Confounding neologism that it is, and utterly repulsive to the non-self-indulgent of our planet, it is difficult to find anything of merit when it comes to intersecting voluntary service and travel. At every turn, there is ample ammunition to maintain the functionality of even the most inaccurate of firing squads. Sometimes, it appears that the greatest service voluntourism has to offer the world is as a punching bag for our collective self-loathing. What we may hate in ourselves, but be unwilling to own or admit, we can project onto voluntourism, because it is just so appalling to our sensibilities. Whoever thought that travel & tourism could become conscientious? Idiotic, indeed.
Yet, in our present world situation, we need everything, and I mean EVERY THING, to grow a conscience. Maybe voluntourism is not a word that people like, maybe it is filled with flagrant misrepresentations of what may or may not be possible. Somehow, though, we need a reminder that our survival as a species depends on our ability to integrate the most awfully-perplexing aspects of ourselves with the hope of our cooperative kinship. If the “fracking” operator feels disconnected from the whole, how can s/he feel that the planet’s, and most apropos, humanity’s, survival lies in the balance of her/his activities?
Travel & tourism represents one of the largest industries in the world. It is a service-based industry, this means that people who generally step into the workspace realize that, on some level, they need to be of service. Is this so diametrically opposed to voluntary service? The attitude seems consistent, however, we have an extraordinary disconnect. Or do we?
Service Is As Service Does
If there is one thing we can really hate about voluntourism, it has to be our expectations of it. We put tights and a cape on voluntourism and expect it to leap tall buildings in a single bound. Unless we are writing a comic book, slating voluntourism as the heroine, this seems to be a fantasy on the road to nowhere. Yet we keep sidling up to voluntourism as though it is meant to save us from something. Granted, there is a lot to be saved from, we have gotten ourselves into a hornets’ nest worth of troubles. But why has voluntourism become the poster child for rescuing the planet?
We need to let our service speak for itself, as a gesture, not an answer, not a solution. We pick voluntourism apart because it isn’t service-full enough, because it doesn’t leave a legacy of change for generations to come.
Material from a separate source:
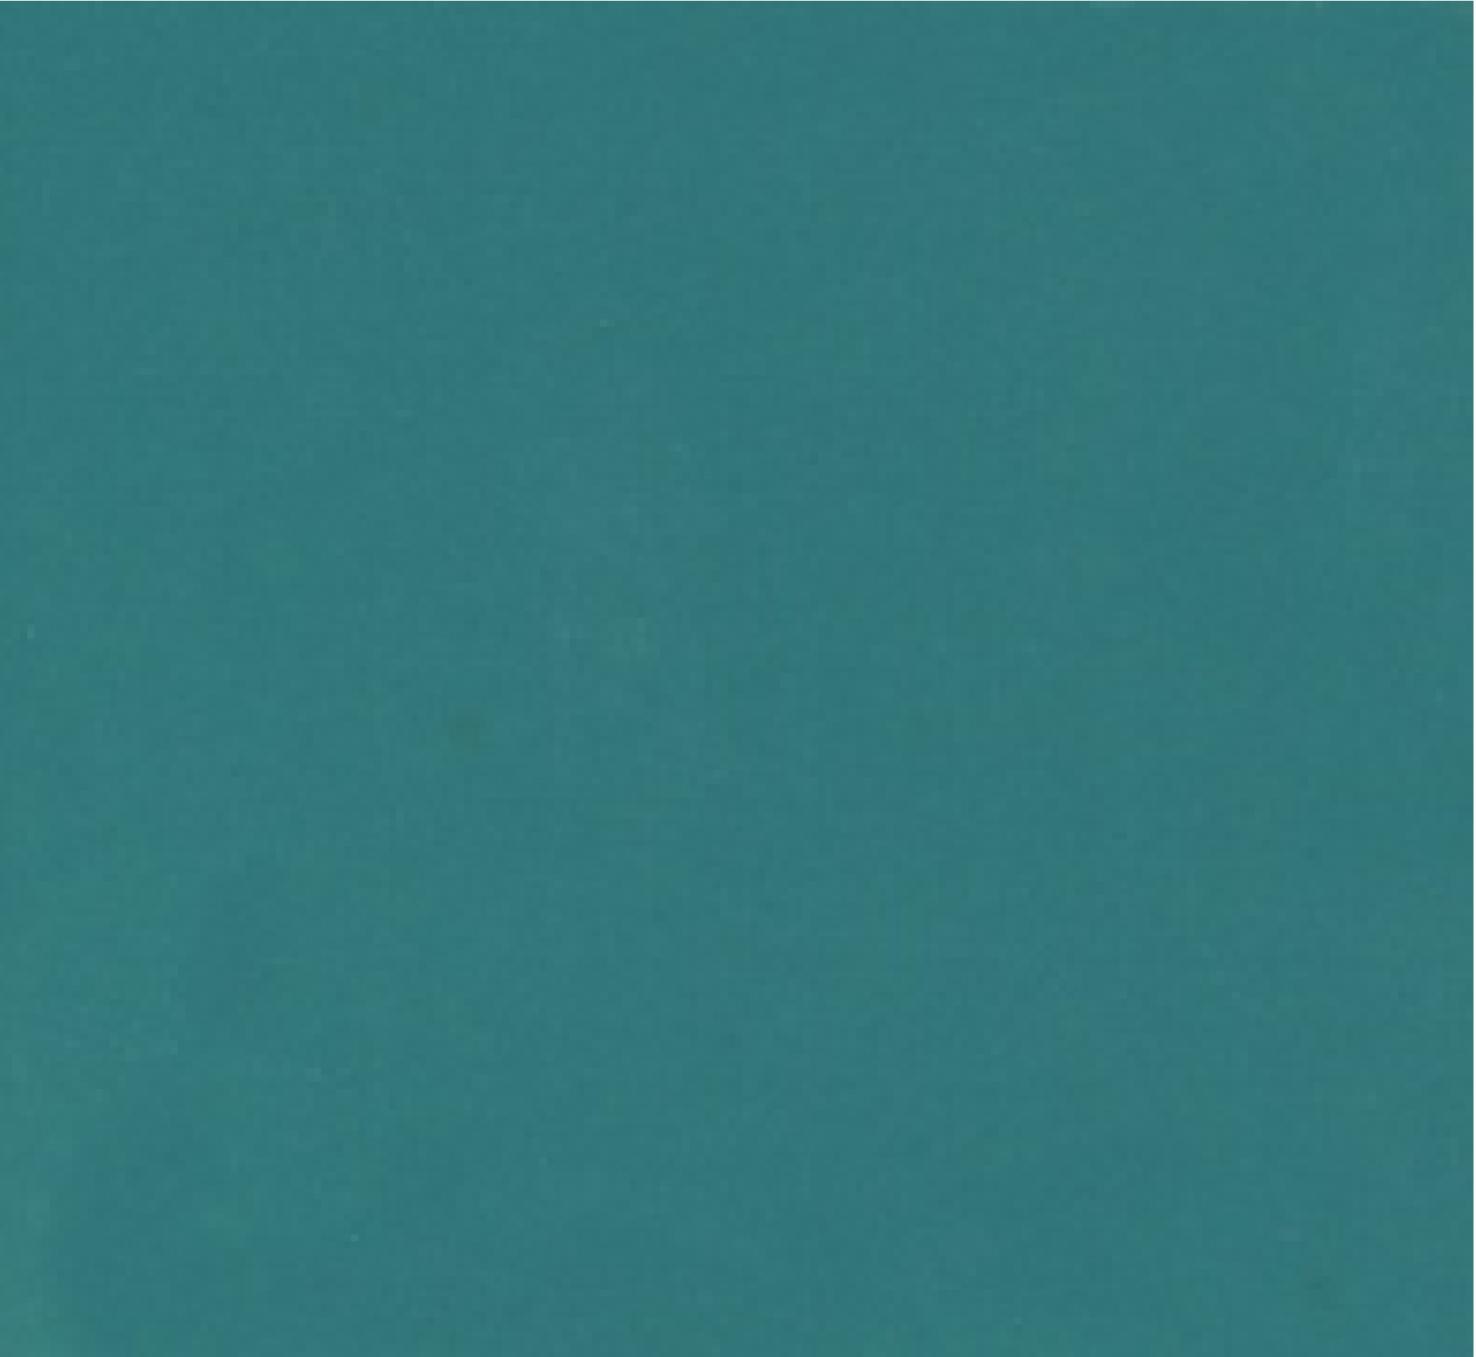 Simplicity Jade 671

Yet this raises a question: Is anything truly sustainable on a planet that has already passed the 350 mark?
I am leaving later today for Budapest, Hungary, to attend the Integral European Conference. There will be a number of noted speakers there discussing the importance of integration and inter-penetration of philosophies, business, society, and the public sector, to name a few. Not surprisingly, there will be no one talking about the integration of travel & tourism and voluntary service into the grand scheme of waking up humanity to a more well-rounded awareness of itself, its interdependence with Nature, and beyond. We haven’t gotten to this point in our view of voluntourism as an essential element of human life practice. It will happen, of course, we just haven’t arrived at that station quite yet.
Voluntourism is catalyzing some of the most heated debates that the travel & tourism and social sectors have seen in quite some time. We might want to pay closer attention to this, if for no other reason than to uncover why voluntourism is so hated. If one word, one concept, can generate this kind of social media coverage (and don’t forget the mainstream media coverage, as well), we have to consider that we have found something of value, or, at the very least, something worth exploring further.
For now, we will have to settle with the controversial nature of voluntourism as we deal with our tension around integration. I am hopeful that I will learn some things while in Budapest this week that I can share with you in terms of research and discussions on the human response to integration. The hatred for voluntourism may actually be a sign of progress. I certainly hope so.